S'il est une première chose remarquable avec cette parution chez Sonatine, outre le très bel habillage de l'ouvrage, c'est le difficile équilibre obtenu dans la rédaction de la quatrième de couverture qui parvient à provoquer l'envie avec une très vague idée du contenu et sans (presque) rien en dévoiler. La seconde, ce sont les 540 pages d'un récit qui, justement, gagnent à n'être découvertes que lors de leur lecture. Aussi, donner une image du roman et le commenter en se contentant des premiers paragraphes est-il une gageure. Relevons-la.
Le roman s'ouvre au petit matin en compagnie du narrateur, perdu dans une épaisse forêt, amnésique, apparemment menacé par un assassin et témoin d'un meurtre. La forêt occupe un vaste domaine britannique avec au centre un château, gothique à souhait, dans lequel se déroule l'histoire. Les invités du château, une galerie de personnages qui n'a rien à envier à un roman d'Agatha Christie, s'éveillent et commencent à s'activer pour cette journée au temps maussade. Et dans quelques chapitres, il sera question de boucle temporelle...
Sans trahir davantage la suite du récit, on peut encore ajouter que Stuart Turton signe là un superbe premier roman, qui colle au plus près de ce narrateur qui va devoir percer le brouillard (au sens propre comme au figuré) pour tenter de comprendre qui il est, ce qui lui arrive et ce qui se trame autour de lui. Le style est épuré et le lecteur va suivre chaque pas et chaque pensée de Aiden Bishop (puisqu'il est nommé dans le résumé) ; ses interrogations, ses doutes, ses épreuves, et ses douleurs. Car celui-ci ne connaîtra pas de répit, passant de la panique à la persévérance, de l'abattement à la rébellion contre sa situation.
Difficile d'en dire plus sans en dévoiler davantage. Et donc, si vous n'avez pas lu le livre, vous êtes chaleureusement invité à cesser ici toute lecture. Vraiment. Car si l'on sait déjà qu'il sera question de répétition temporelle, les modalités en sont explicitées à la page 94 : Bishop revit ces vingt-quatre heures dans la peau d'un personnage différent à chaque fois. Le meurtre qui va avoir lieu est la raison de sa présence et il a devant lui huit jours, et donc huit personnalités différentes, pour découvrir le meurtrier.

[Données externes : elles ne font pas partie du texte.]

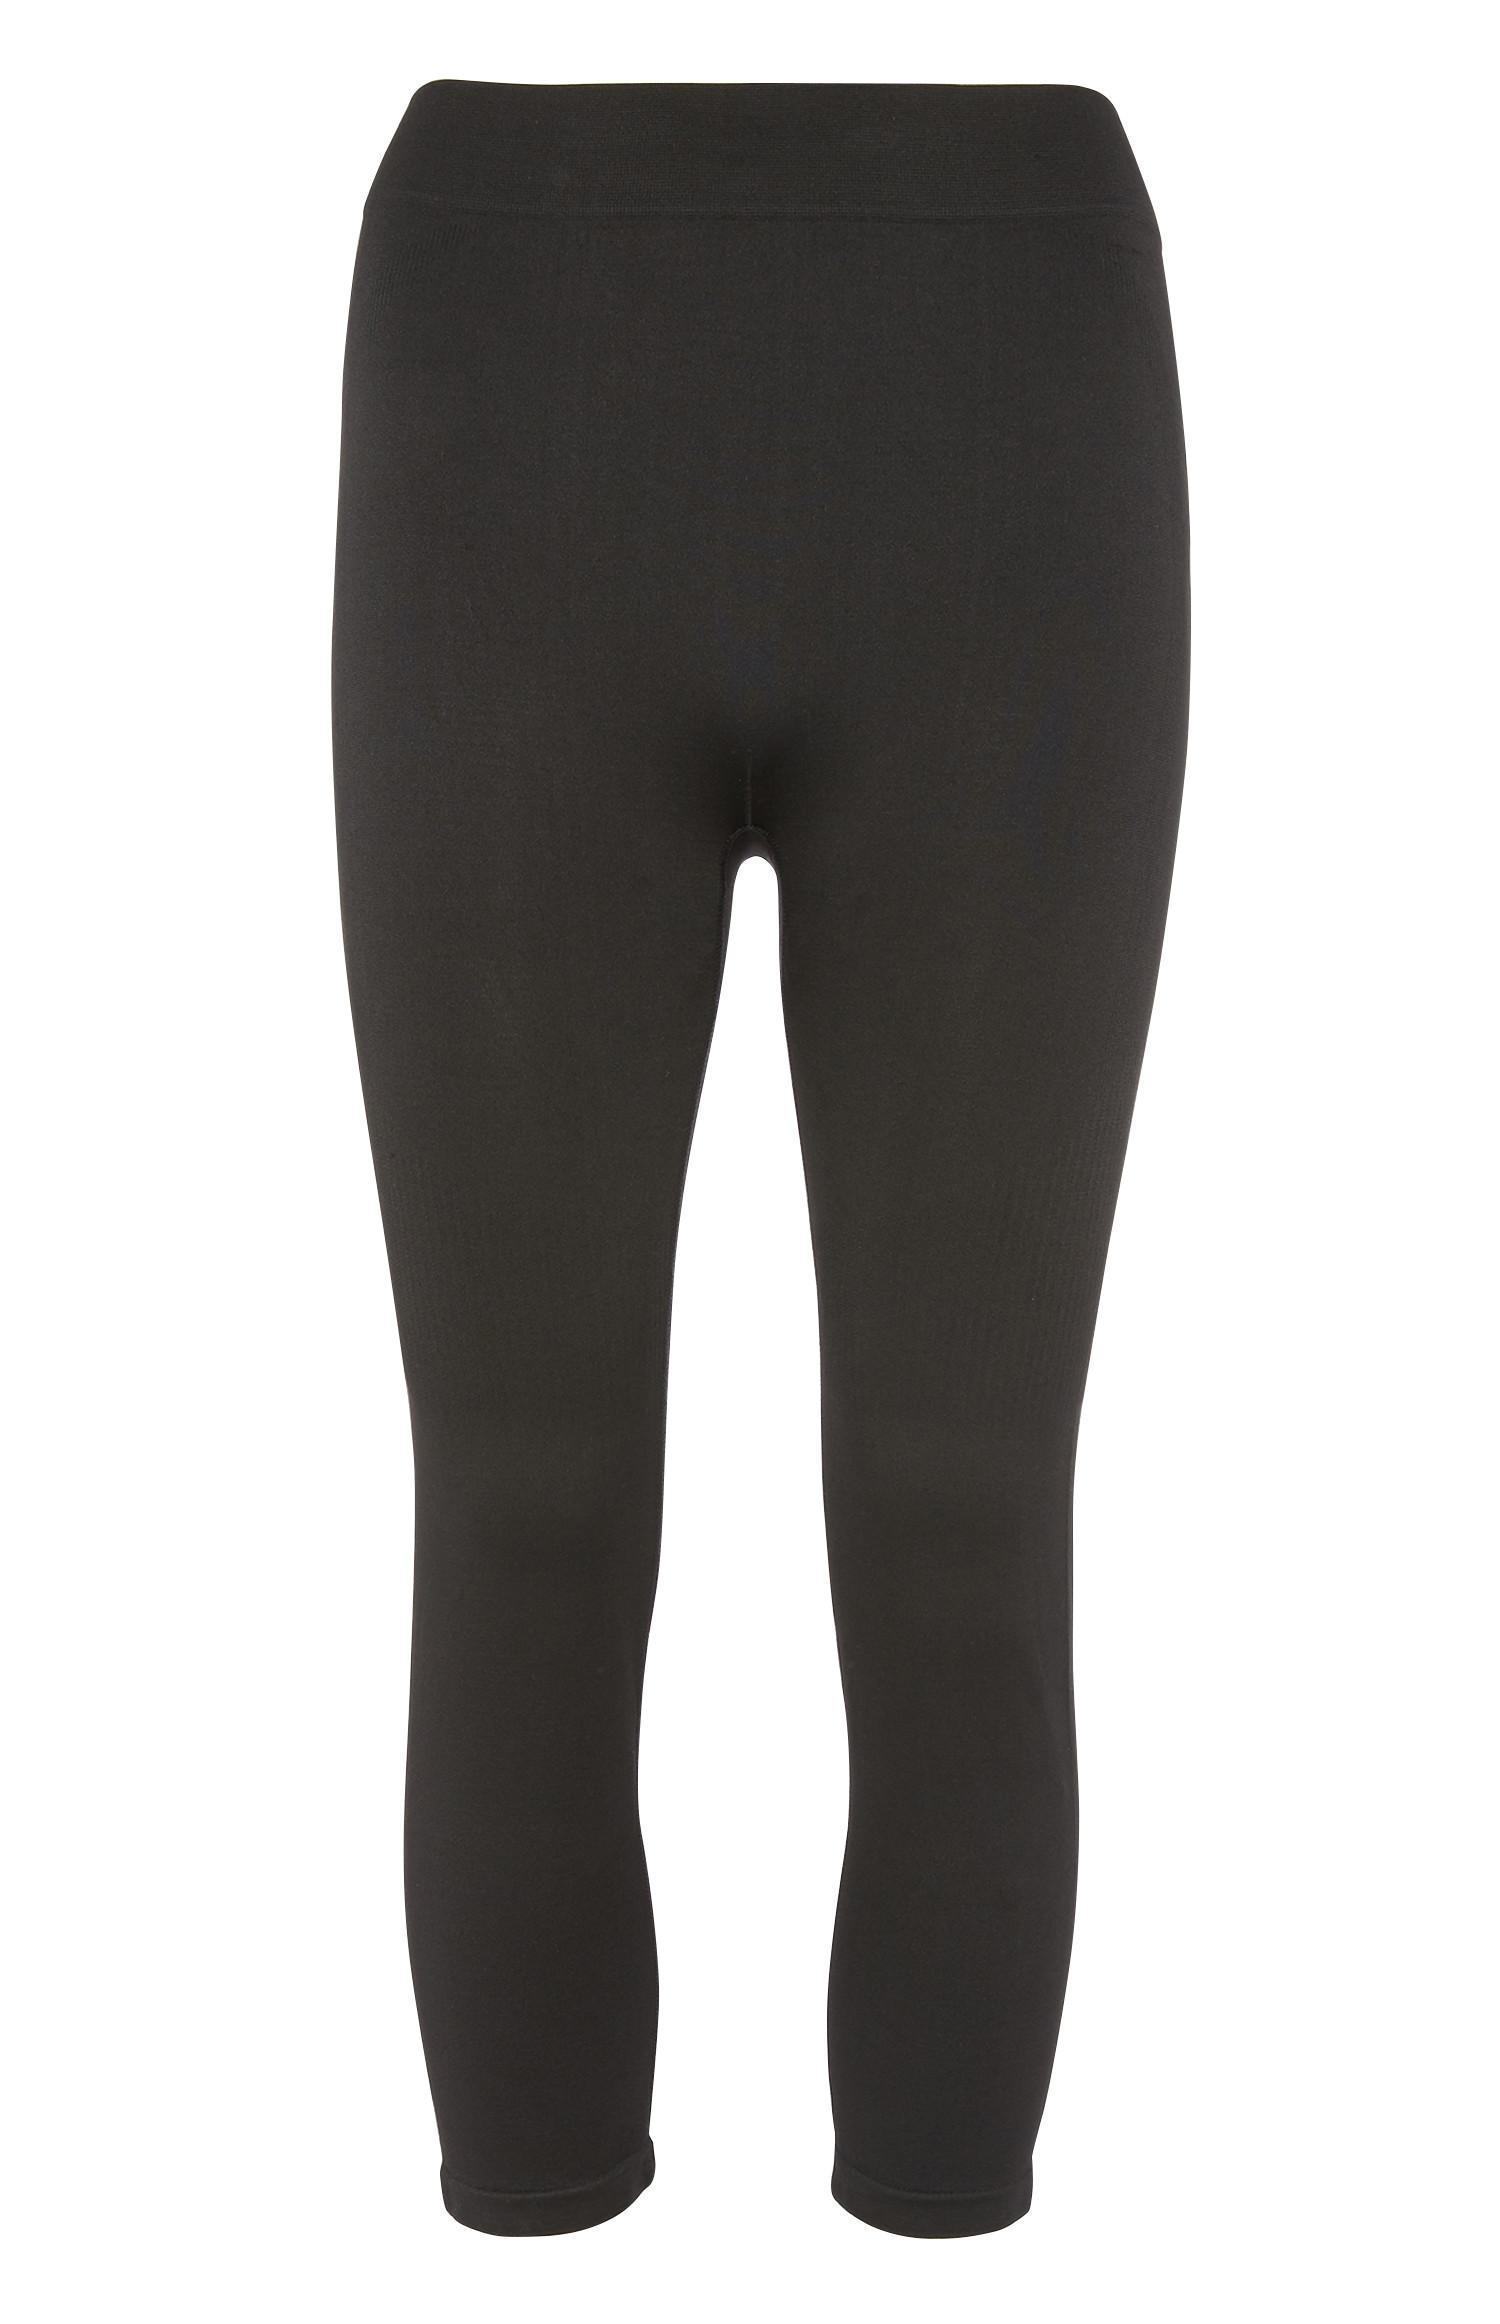 Black Crop Sport Legging

Or, si l'une des limites du roman policier réside dans ses archétypes, depuis le vieux militaire jusqu'au jeune vaurien de bonne famille, en passant par la séductrice, la vieille chouette indiscrète ou le médecin débonnaire, invariants d'un bout à l'autre de l'histoire, Turton joue ici avec cela en modifiant intelligemment le comportement de Bishop au gré de ses incarnations. Que ce soit par ses capacités physiques ou sa façon de penser, chaque corps va peser sur sa progression d'une manière toute particulière. Et alimenter son questionnement sur sa propre vie. Car l'énigme, classique, se double d'un second questionnement, fantastique celui-ci : quel est ce lieu ? Comment et pourquoi Bishop est-il arrivé ici ? Qui était-il avec d'être amnésique et sensible à des sentiments qui sont en partie ceux de ses hôtes ?
L'enquête va s'avérer particulièrement retorse. On devinera bien un élément ou deux lorsque l'on est adepte du roman à énigme, mais cette journée cache beaucoup de mystères et l'écheveau des relations entre les personnages est particulièrement épais. Et s'il se trouve en deux ou trois occasions que l'on tique sur un horaire étrange, sur un événement qui semble incompatible avec une précédente version, l'ensemble est si précis et si bien ficelé que l'on fait grâce à l'auteur de ce détail et qu'on accepte volontiers l'erreur comme une étourderie personnelle. Qui plus est, Turton sait faire monter la tension jusqu'à un dénouement dont on dira seulement qu'il clôt de belle manière le récit, en démêlant tous les fils, en conservant l'atmosphère des lieux, sans apporter d'élément fantastique ou de science-fiction superflu.
Si vous êtes arrivé jusqu'ici sans avoir lu Les Sept Morts d'Evelyn Hardcastle, malgré les recommandations émises plus haut, réjouissez-vous : il y a encore beaucoup à découvrir sur ce livre qui interroge la mémoire, le jugement, la connaissance de soi ou encore la possibilité de la rédemption. Un roman impressionnant, au sens propre, tant il marque l'esprit et laisse un profond sentiment de mélancolie et un grand vide une fois la dernière page tournée.